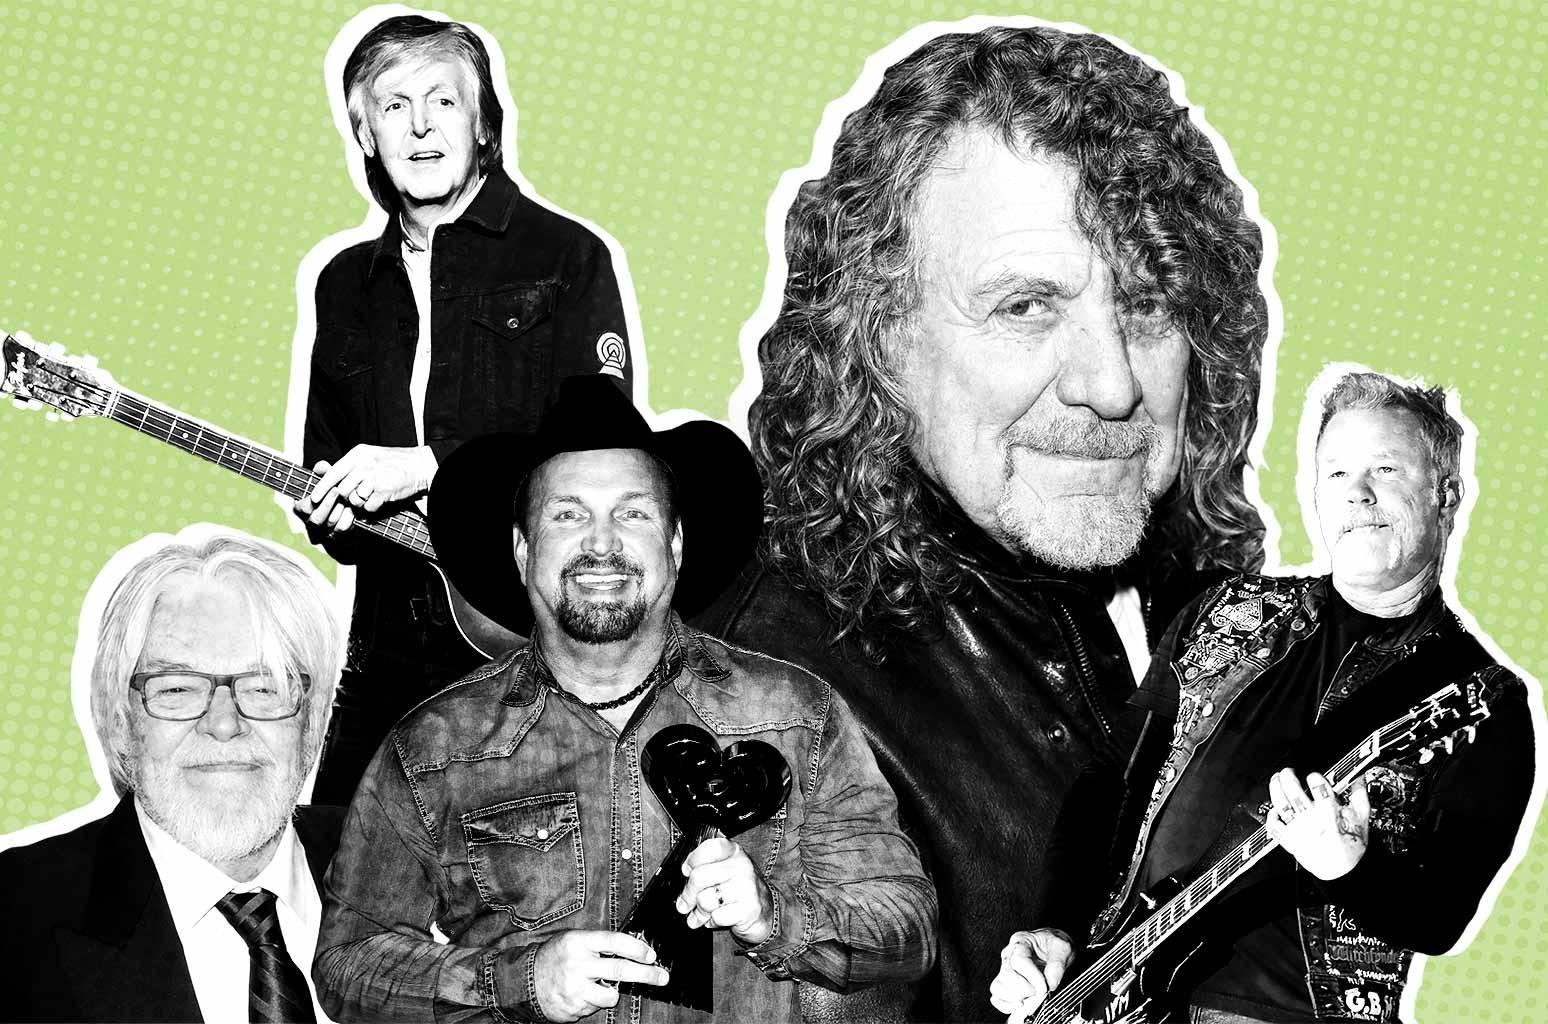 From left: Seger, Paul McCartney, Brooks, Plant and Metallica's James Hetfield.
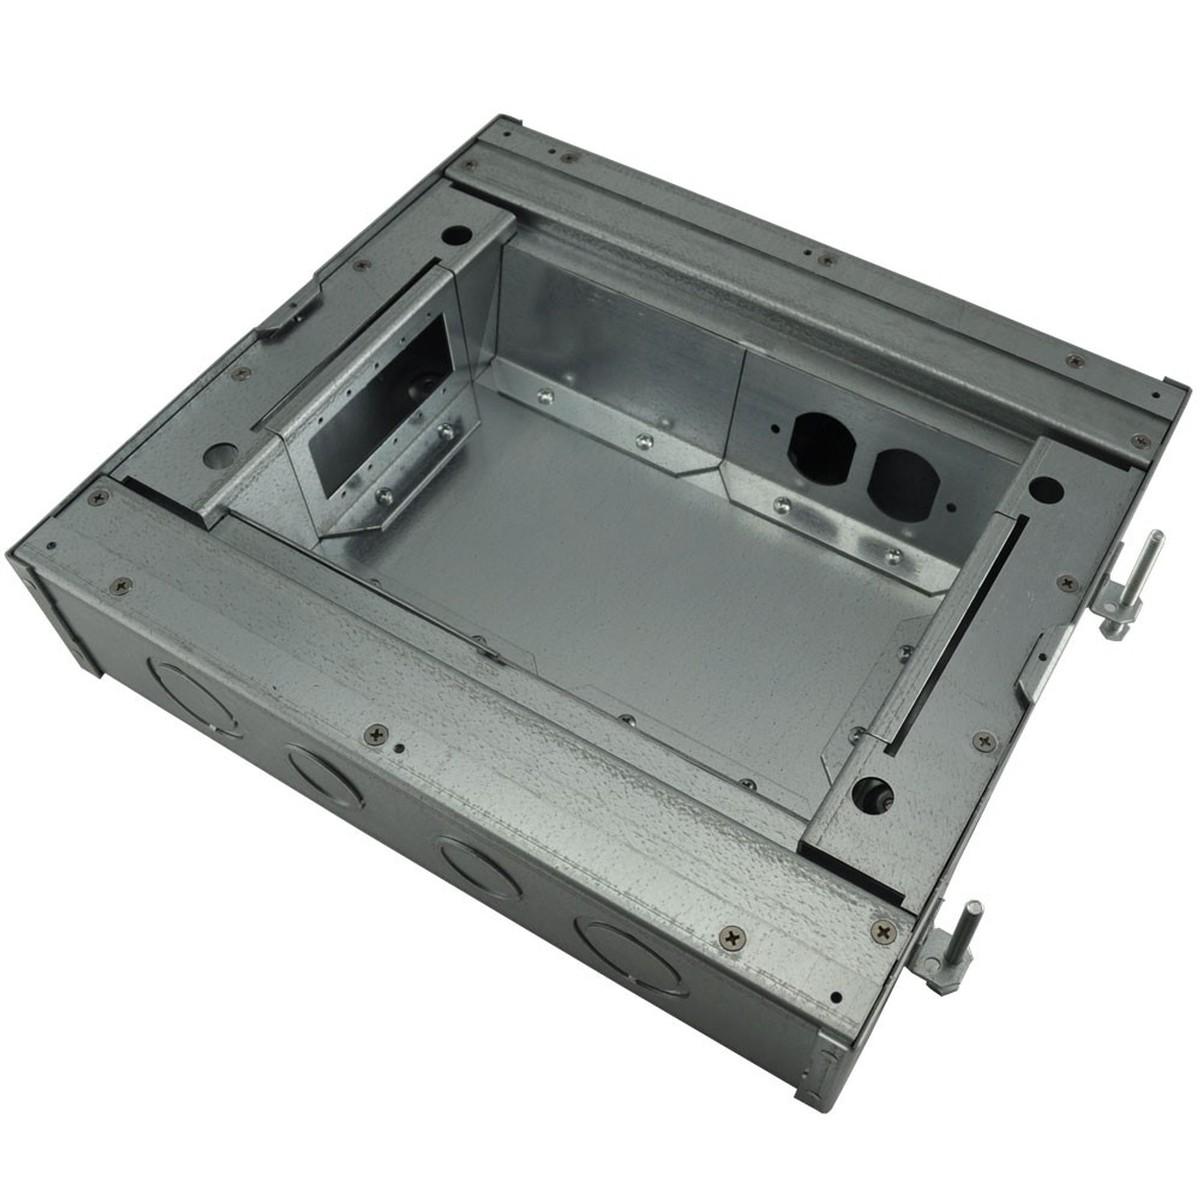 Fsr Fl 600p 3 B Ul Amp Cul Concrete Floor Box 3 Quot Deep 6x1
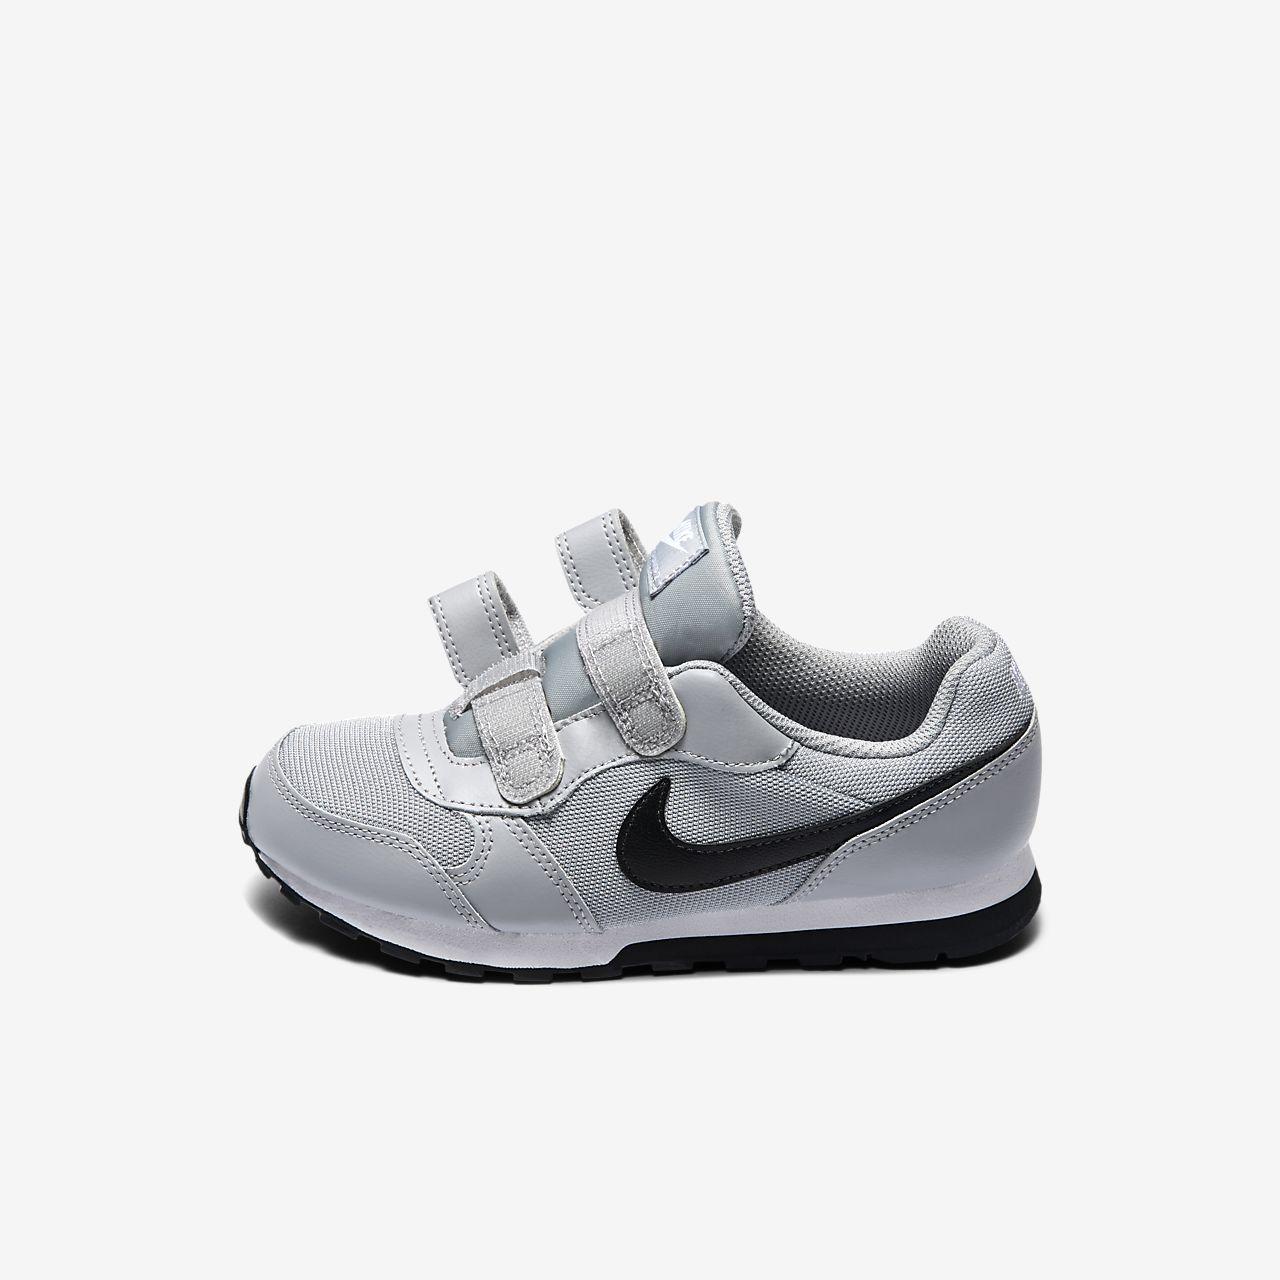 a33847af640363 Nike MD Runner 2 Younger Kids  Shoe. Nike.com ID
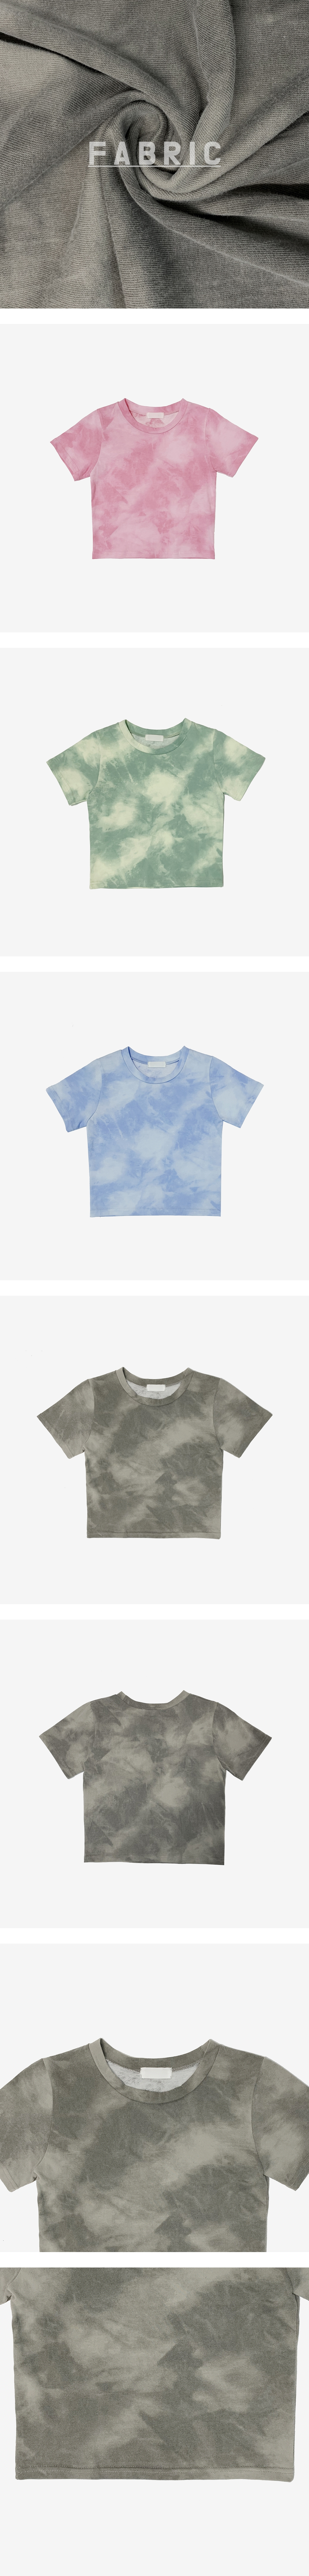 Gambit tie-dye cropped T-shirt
= = = = =
• **WHAT YOU ARE ASKED TO DO**
Transcribe the material exactly, leaving every picture out.

• **ANSWER AREA**
 From left: Seger, Paul McCartney, Brooks, Plant and Metallica's James Hetfield.
 Fsr Fl 600p 3 B Ul Amp Cul Concrete Floor Box 3 Quot Deep 6x1
 a33847af640363 Nike MD Runner 2 Younger Kids  Shoe. Nike.com ID
 Gambit tie-dye cropped T-shirt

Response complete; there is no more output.